Provisioned (or Synchronized) users
A synchronized user is systematically provisioned by the identity provider in Oracle Cloud Infrastructure for each federated user. Synchronized users can have Oracle Cloud Infrastructure credentials, but not Console passwords. When listing users in the Console, you can identify synchronized users using the User Type filter.
A local user is a user created and managed in Oracle Cloud Infrastructure's IAM service. Federated tenancies typically would have few, if any, local users. When listing users in the Console, you can identify local users using the User Type filter.
The following graphic summarizes the characteristics of the user types:
Who Should Set Up This Integration?
Set up this integration if your federated users need to have the specialized credentials required by some services and features. For example, if you need your federated users to access Oracle Cloud Infrastructure through the SDK or CLI, setting up this integration enables these users to get the API keys needed for this access.
If your federation with Oracle Identity Cloud service was set up before December 13, 2018, perform this one-time upgrade task.
To upgrade your Oracle Identity Cloud Service federation:
Open the navigation menu. Under Governance and Administration, go to Identity and click Federation.
A list of the identity providers in your tenancy is displayed.
- Click your Identity Cloud Service federation to view its details. If your tenancy was auto-federated, it is listed as OracleIdentityCloudService.
- Click Edit Mapping.
When prompted, provide the client ID and client secret for the Oracle Identity Cloud Service application, and then click Continue.Where do I find the client ID and client secret?
The client ID and client secret are stored in Oracle Identity Cloud Service. To get this information:
- Sign in to the Oracle Identity Cloud Service console through My Services.
- In the Identity Cloud Service console, click Applications. The list of trusted applications is displayed.
- Click COMPUTEBAREMETAL.
- Click Configuration.
Expand General Information. The client ID is displayed. Click Show Secret to display the client secret.
Allow several minutes for the changes to take effect.
What to Expect After the Upgrade
When the system has had time to synchronize, you can manage user capabilities for federated users in the Console. Users that belong to a group mapped to a group in Oracle Cloud Infrastructure are listed on the Users page in the Console. Whenever you add new users to mapped groups in Oracle Identity Cloud Service, they will be available in the Console after the system synchronizes.
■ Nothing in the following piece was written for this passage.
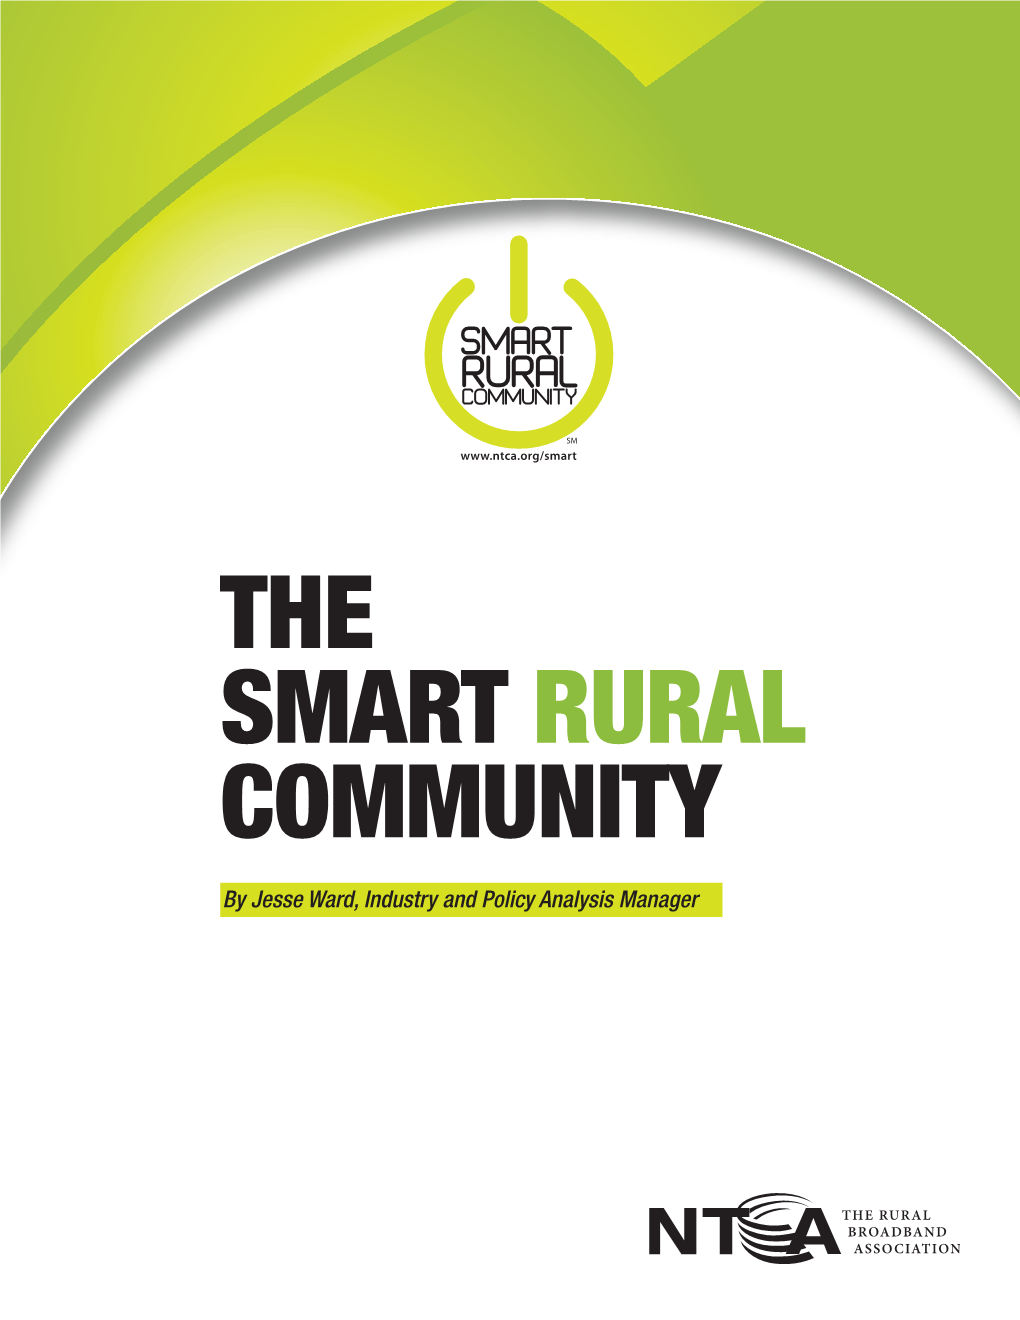 The Smart Rural Community

By default, the following user capabilities are enabled:
- API keys
- auth tokens
- SMTP credentials
- customer secret keys
Notice that you can't enable a local password. The Oracle Cloud Infrastructure console password is still managed only in your IdP.
For more information about user capabilities, see Managing User Capabilities for Federated Users.
Use the Reset Credentials button to reset your SCIM client credentials. You can perform this task periodically as a security measure to rotate your credentials. Oracle Cloud Infrastructure automatically resets the credentials with Oracle Identity Cloud Service. You don't need to manually reset any configurations.
Actions You Still Perform in Your Oracle Identity Cloud Service
After the integration is set up, continue to perform the following actions in your Oracle Identity Cloud Service:
Create users and assign them to groups.
Users that you delete from your IdP are removed from Oracle Cloud Infrastructure when the next synching cycle completes.
- Query for group membership.
- Manage sign-in passwords for users.